Collected material –
▶

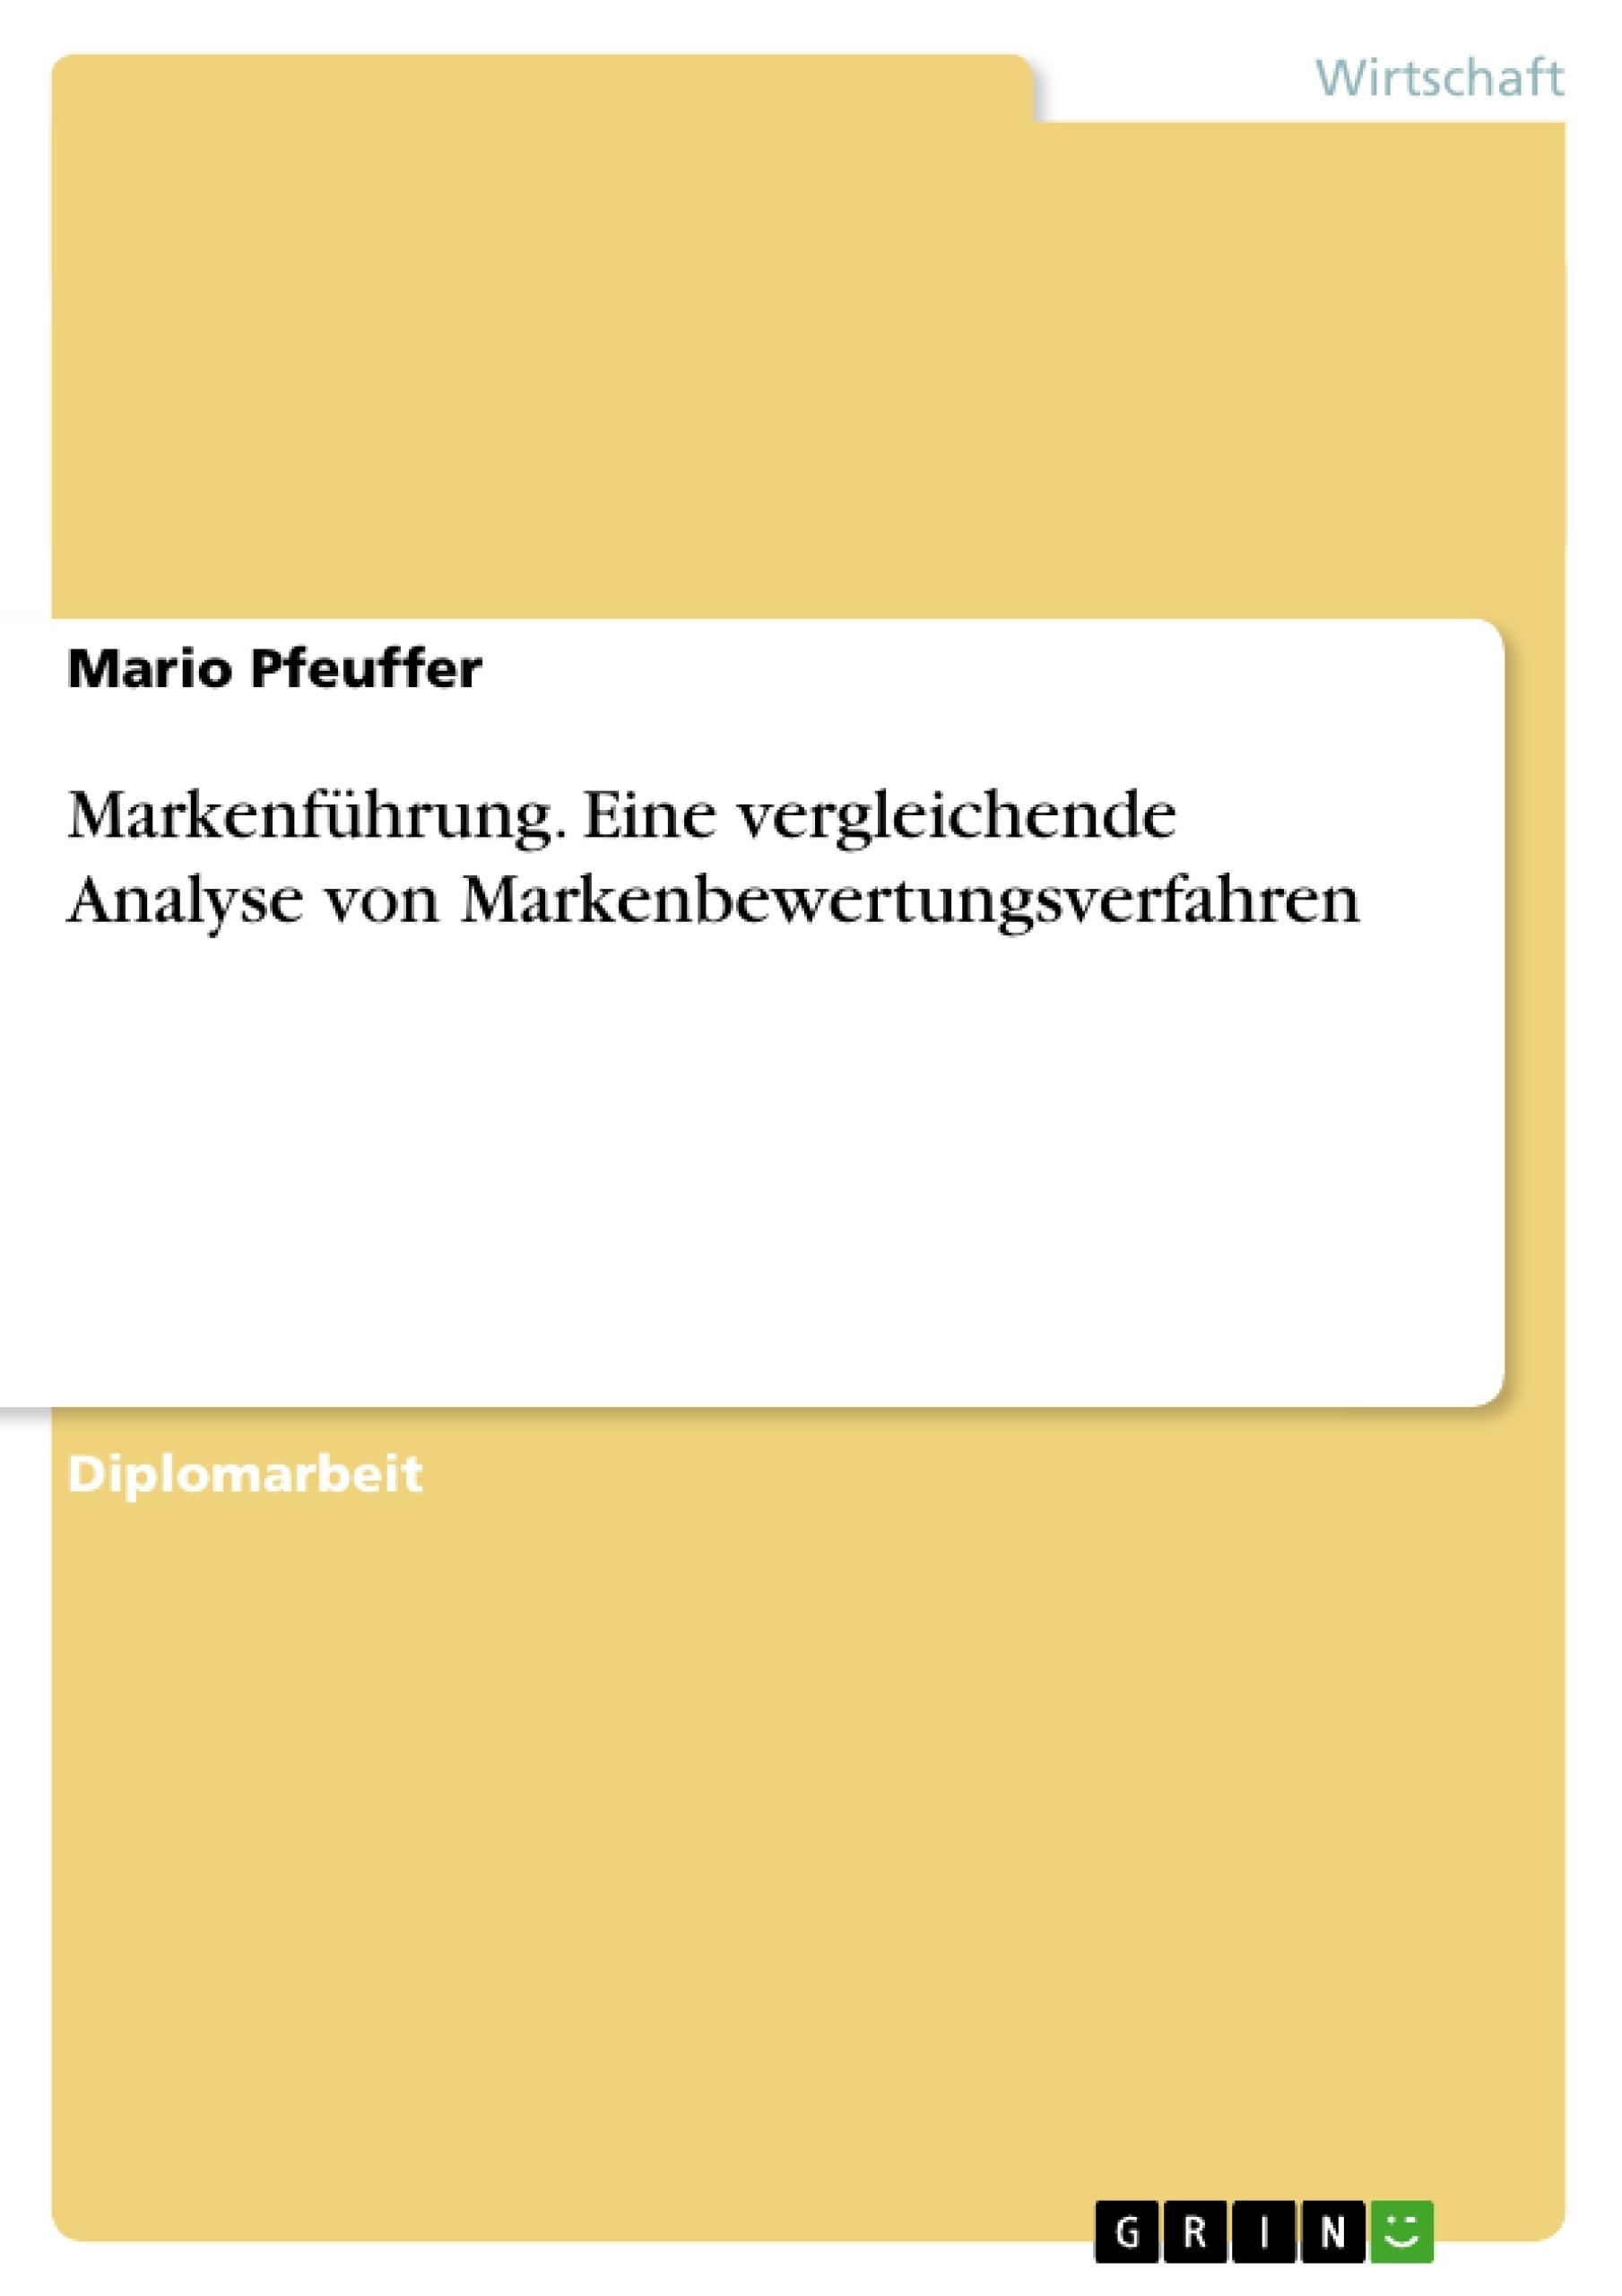 Titel: Markenführung.  Eine vergleichende Analyse von Markenbewertungsverfahren
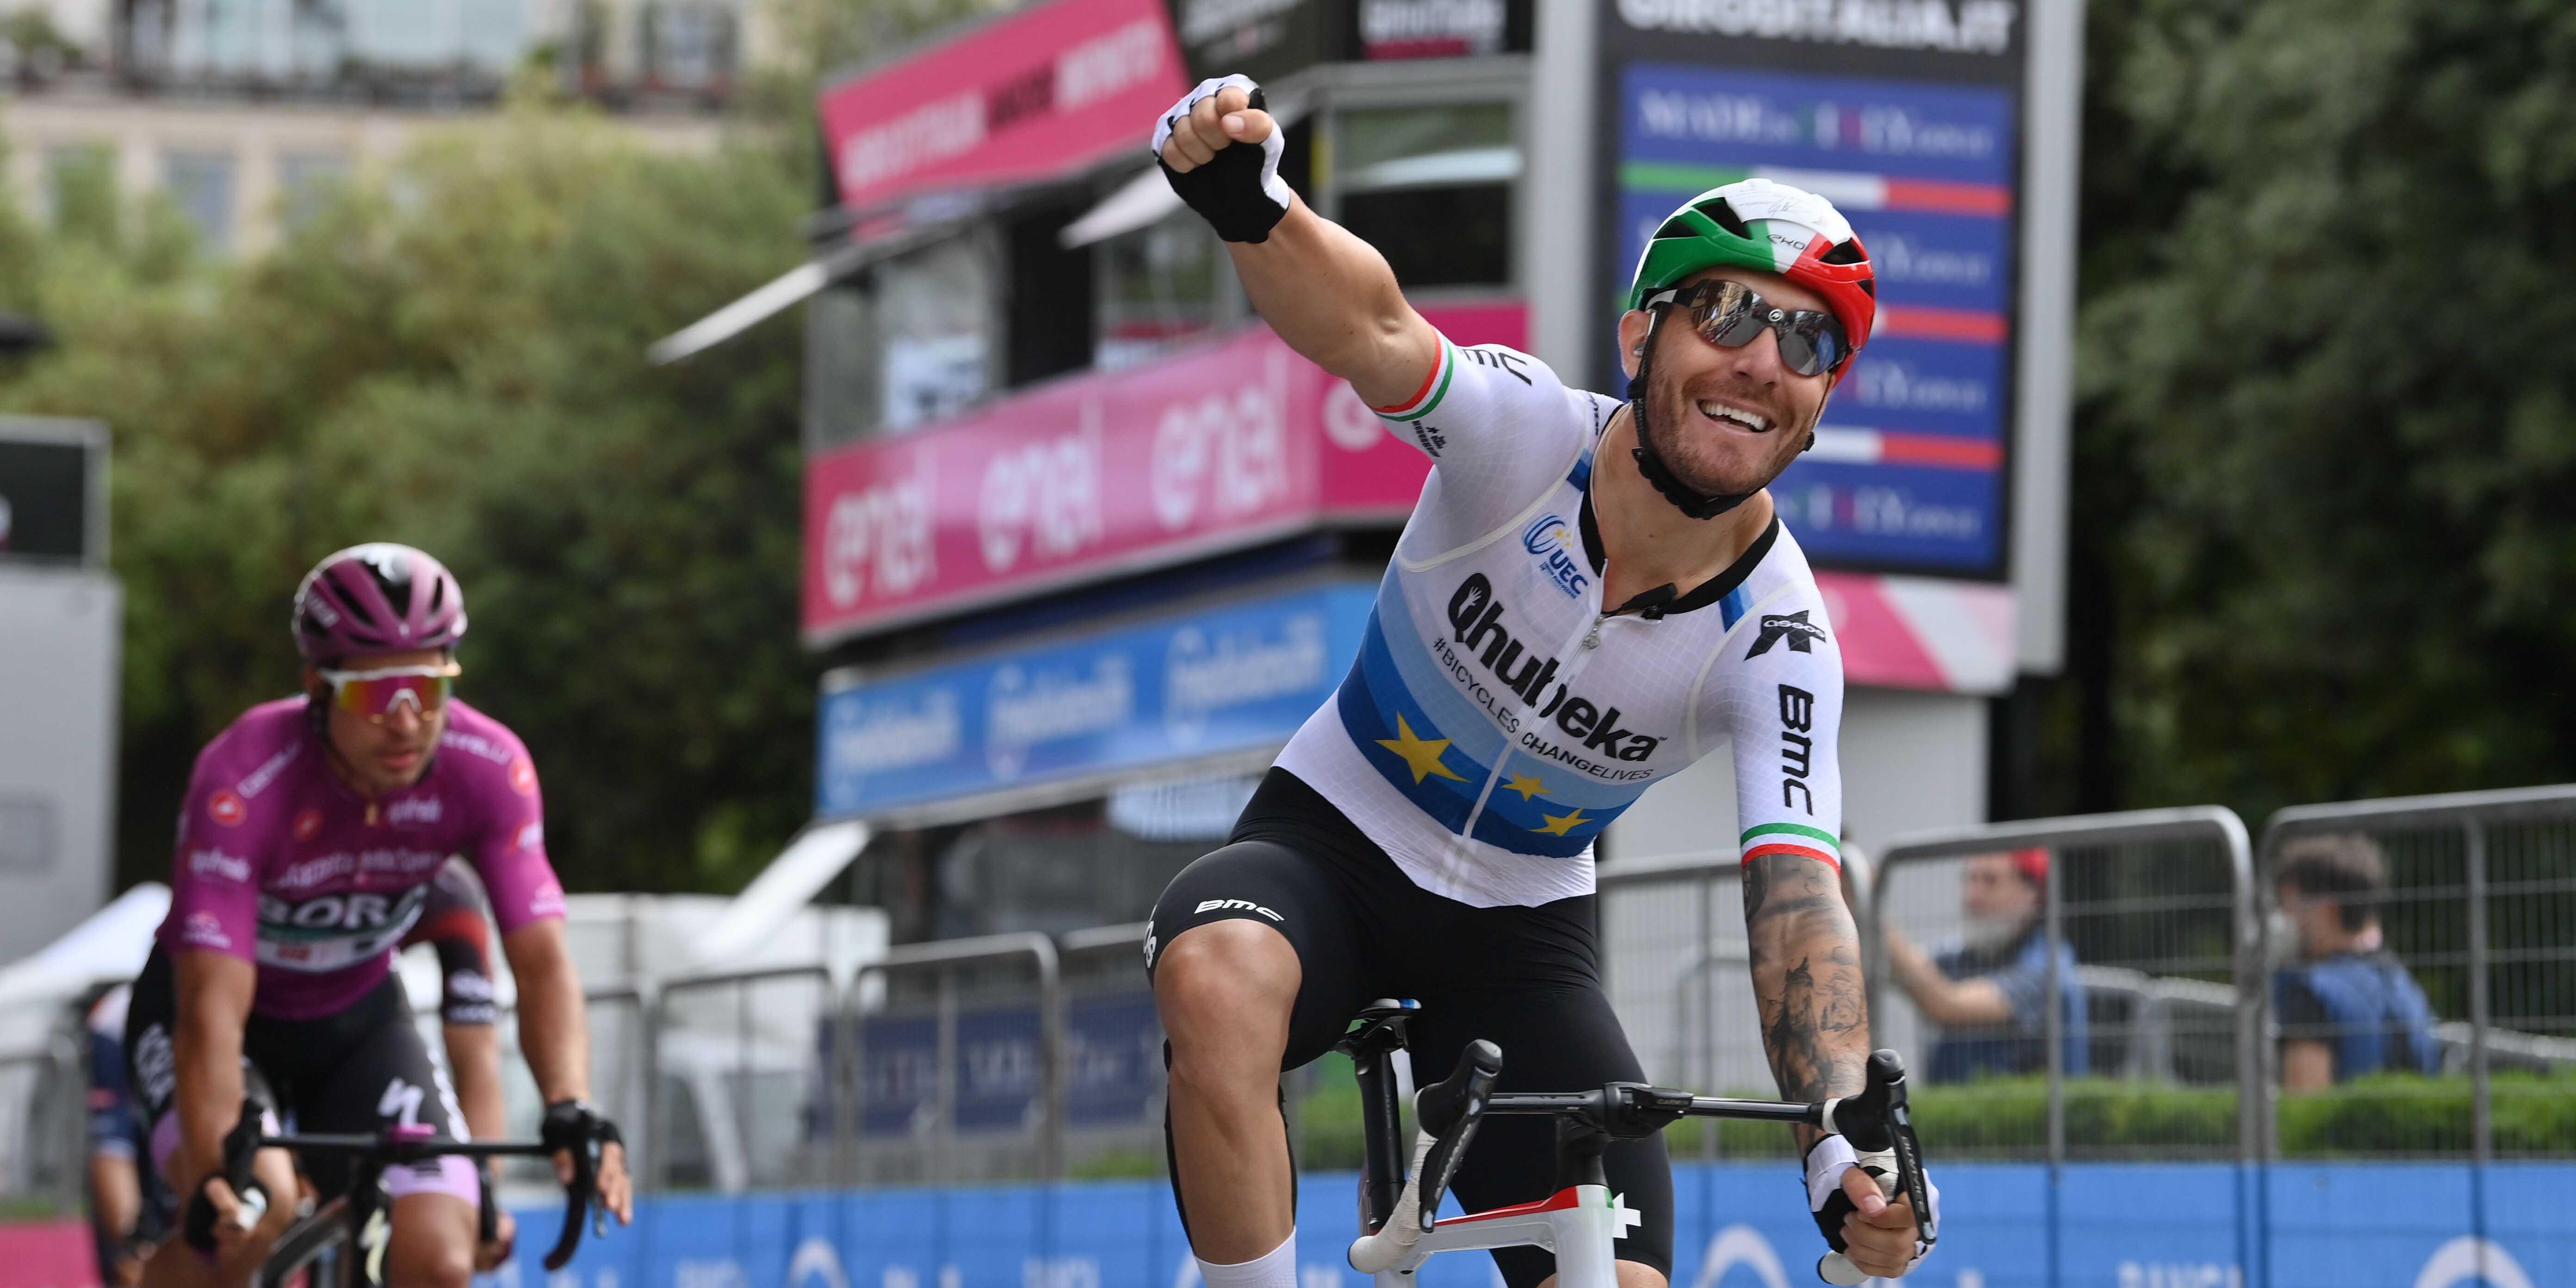 Giacomo Nizzolo wins stage 13 of the Giro d'Italia, Bernal retains the Maglia Rosa
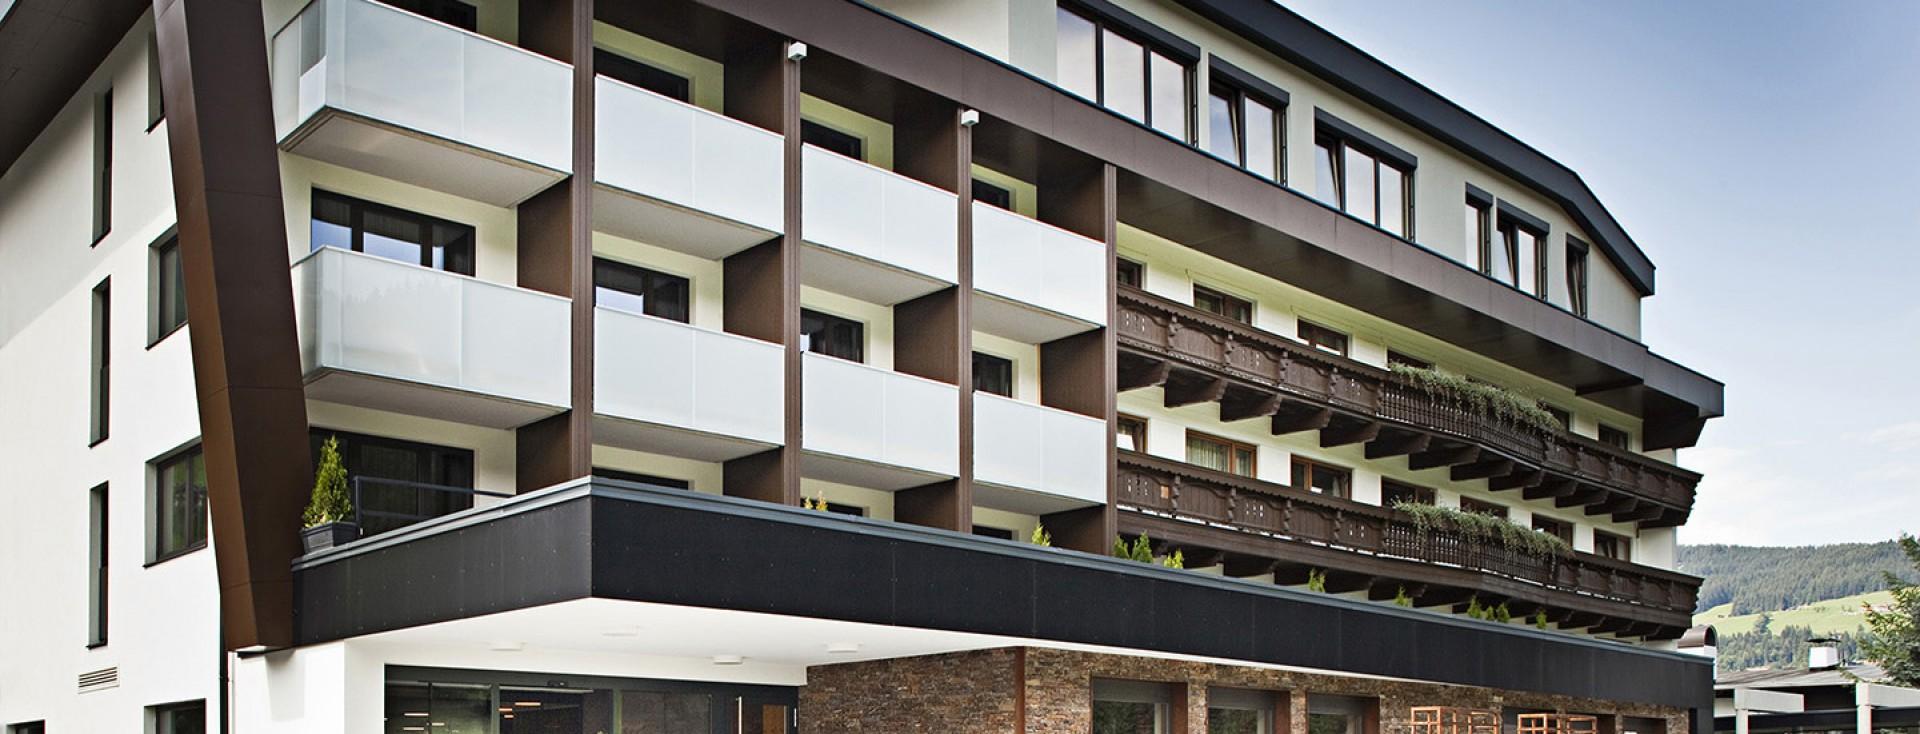 Hotel Restaurant Spa Rosengarten

◀

Problem description – Skip the pictures. Return exactly the lines from the one containing "Giacomo Nizzolo wins" through the end of the data above, both included, and nothing besides.

Answer to the problem –
 Giacomo Nizzolo wins stage 13 of the Giro d'Italia, Bernal retains the Maglia Rosa
 Hotel Restaurant Spa Rosengarten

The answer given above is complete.